At its best, dinner is about sharing stories, solving problems, no pressure, no meanness, no putdowns no sarcasm – and no tech distractions. If you want your children to feel like they really matter to you and you’re really curious about them, show them with your undivided attention.
Ages 14-19
Parents often tell me they feel lost defining limits on computer use because their kids are on screens for so many different reasons and seem to assume they’re entitled to do as they wish. The basic message you want to send then is this:
This is not your computer – I know it has your name on it, but this is my computer (or your schools computer). I’m your parent and I reserve the right to see everything that’s going on there. You need to be on the computer in an open place. I have the right to know what your homework assignment is. You can’t be in your room with the door closed. You can’t take it to bed with you. You can’t collapse a screen when I walk by. We have a code of conduct and we expect you to stick with it. Don’t be mean, don’t lie don’t embarrass other people; don’t pretend to be someone you’re not; don’t’ go places you’re not allowed to go. Don’t post pictures that Grandma wouldn’t love. Don’t do anything I wouldn’t approve of.

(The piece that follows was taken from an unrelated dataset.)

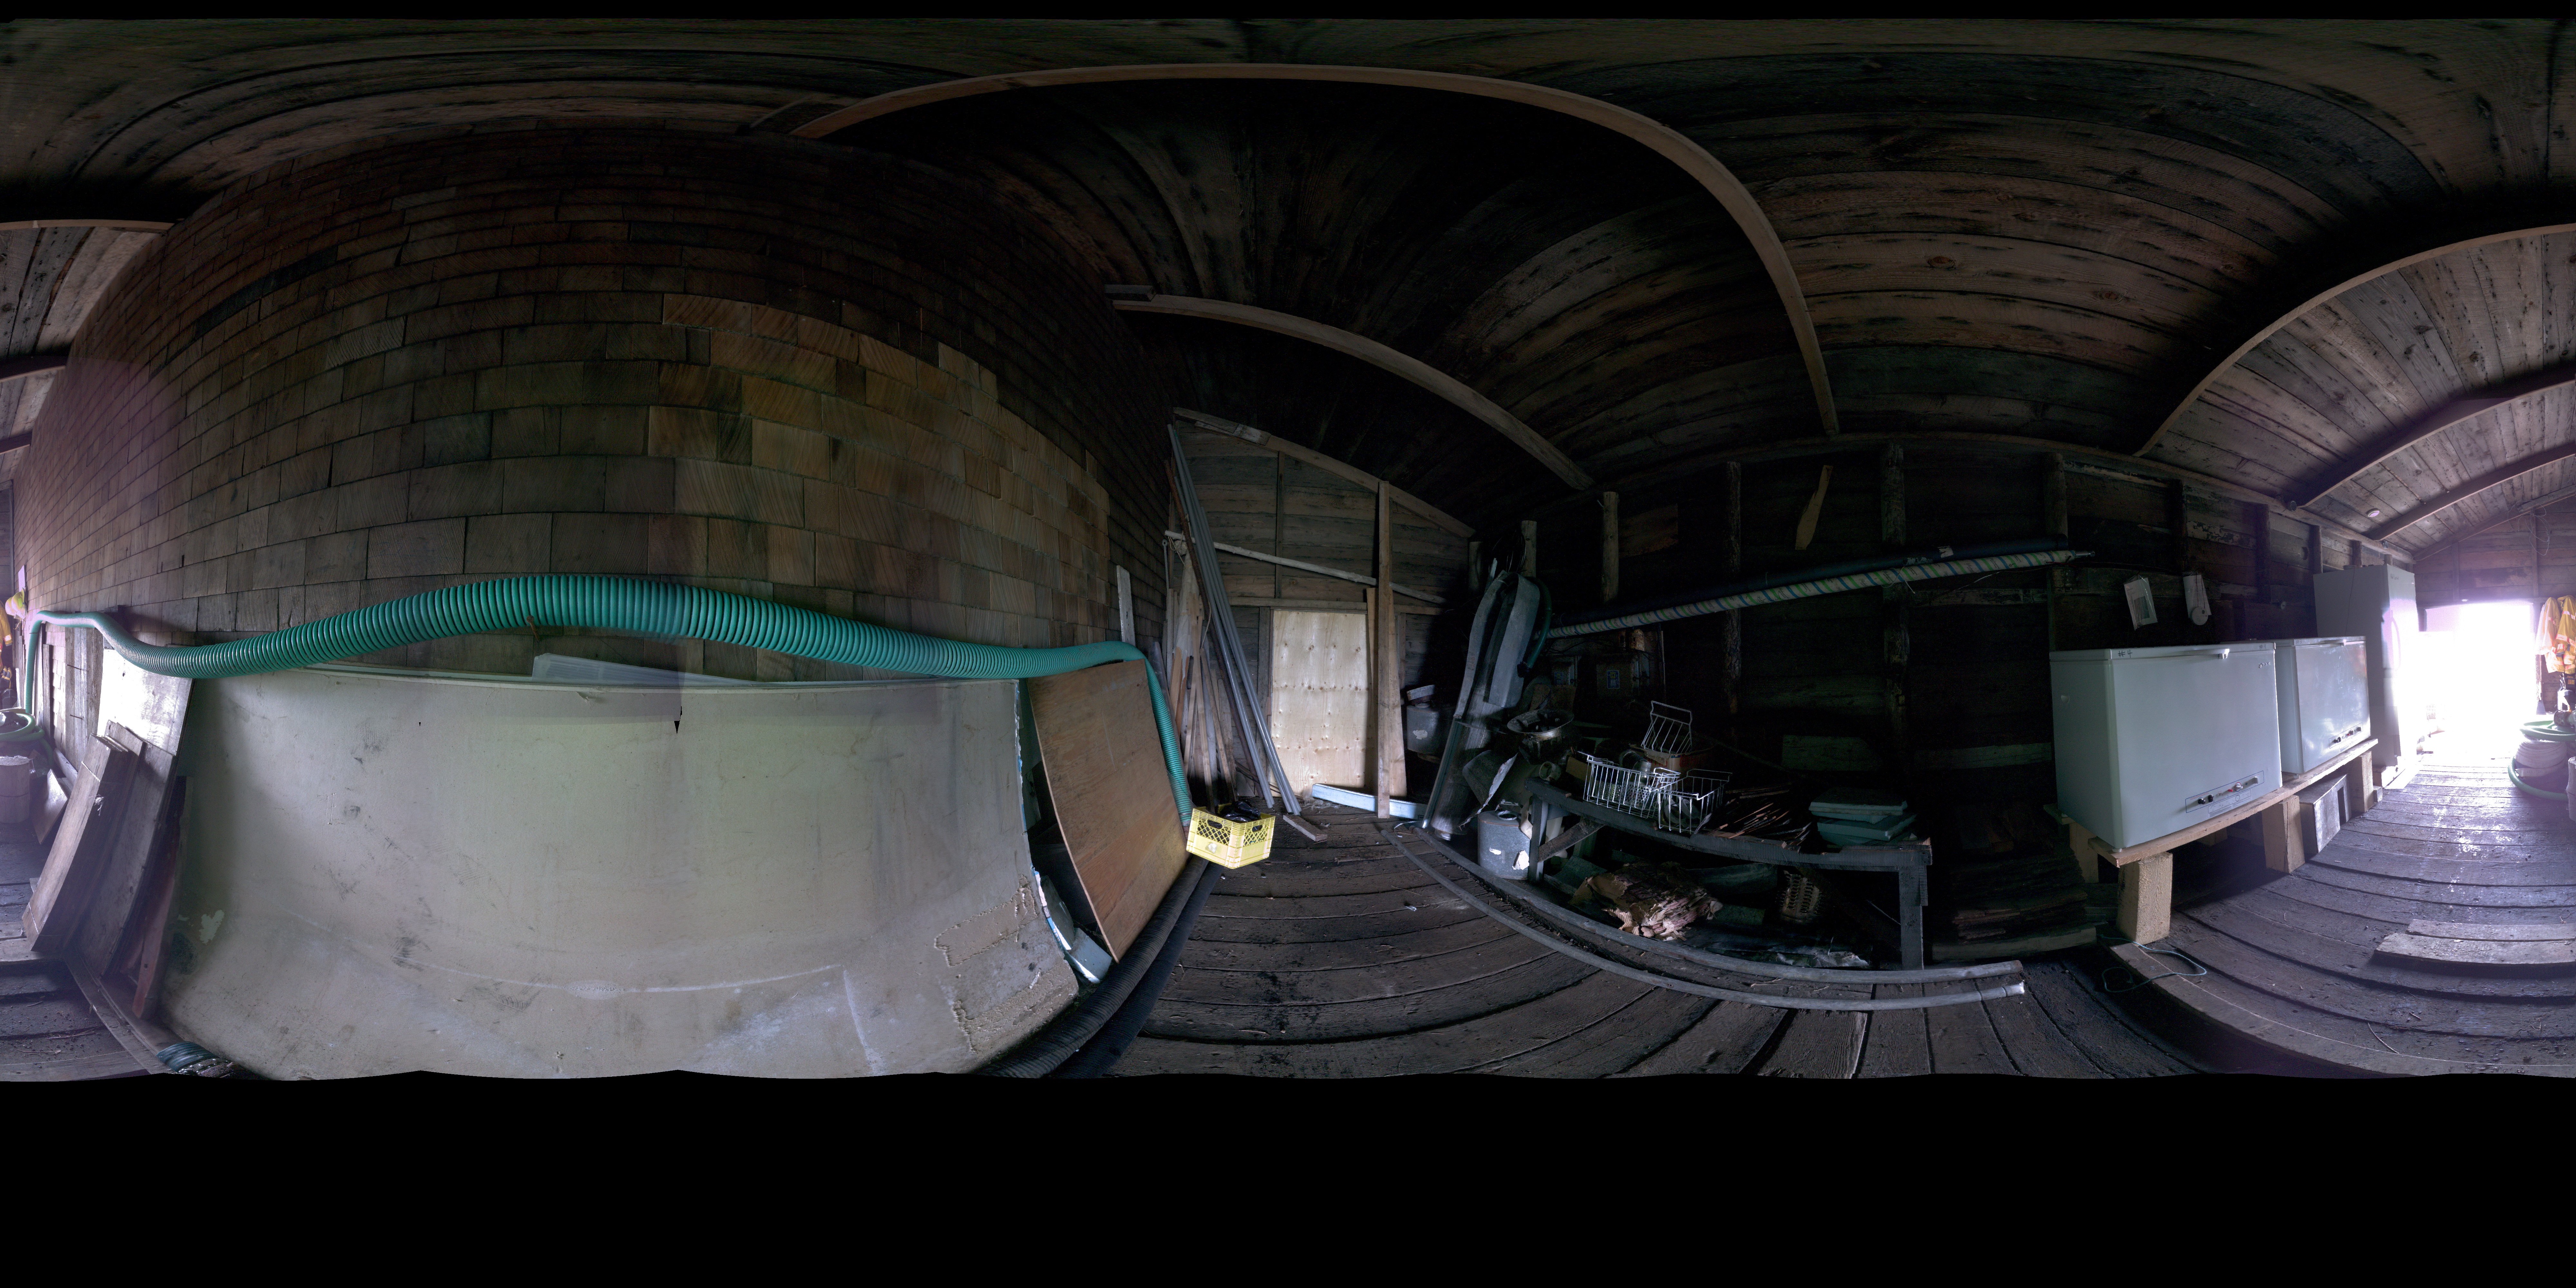 Panoramic view of the Pacific Steam Whaling Co. Bonehouse interior from the Leica BKL 360, scanning location 2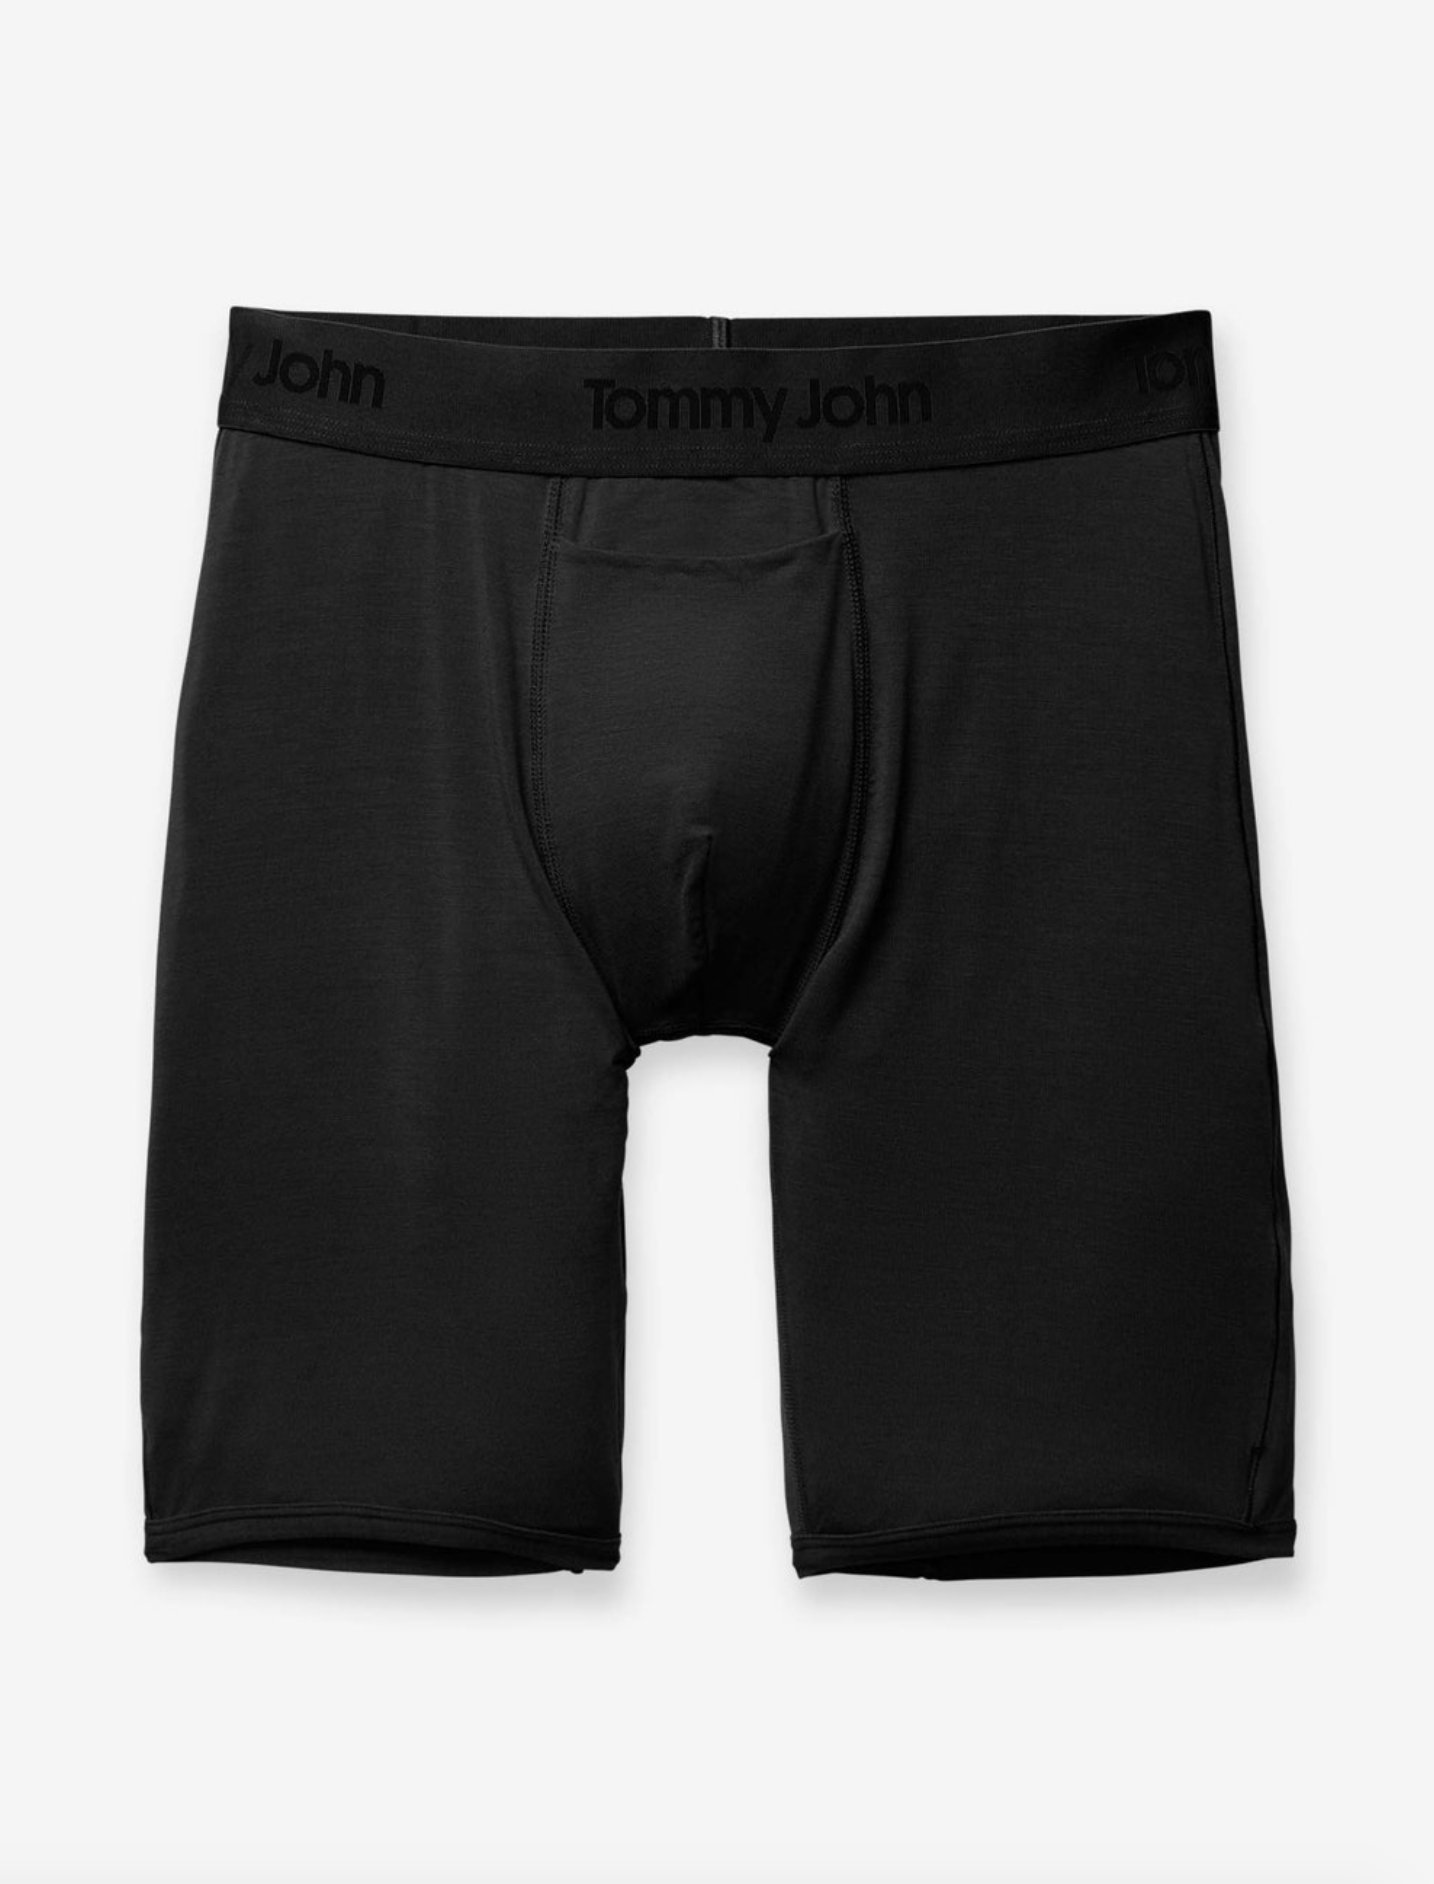 Tommy John | Second Skin Boxer Brief

Dr. Steiner-Adair closes The Big Disconnect with:
Our challenge as technology continues to open new worlds of possibility is to not let new opportunities and new apps obliterate old truths. Children need our attention; children flourish in families that work hard at the hard work of being a family. We have not yet proven that we can work as the large global family we so desperately need to be. Fortunately, we can bring humanity and technology together on a smaller scale in our own homes and our own families and we can teach our children how to be in this new world. There we can deepen connections, cultivate closeness, and push pause more often to savor the gift of time and the primacy of family.
RESOURCES
Dr. Steiner-Adair includes a very comprehensive bibliography of books, journal articles, published research reports, newspaper and magazine articles, broadcasts, and online resources in The Big Disconnect. This newsletter and the resources below are an introduction to a much larger worlds of concepts and data.
Carter, Christine. Raising Happiness: 10 Simple Steps for More Joyful Kids and Happier Parents. 2011.
Dunckley, Victoria, MD. Reset Your Child’s Brain: A Four-Week Plan to End Meltdowns, Raise Grades and Boost Social Skills by Reversing the Effects of Electronic Screen Time. 2015
Newport, Cal. Deep Work: Rules for Focused Success in a Distracted World. 2015.
Steiner-Adair, Catherine, PhD. The Big Disconnect: Protecting Childhood and Family Relationships in the Digital Age. 2013
Turkle, Sherry, PhD. Alone Together: Why We Expect More from Technology and Less from Each Other. 2012
Turkle, Sherry, PhD. Reclaiming Conversation: The Power of Talk in a Digital Age. 2016.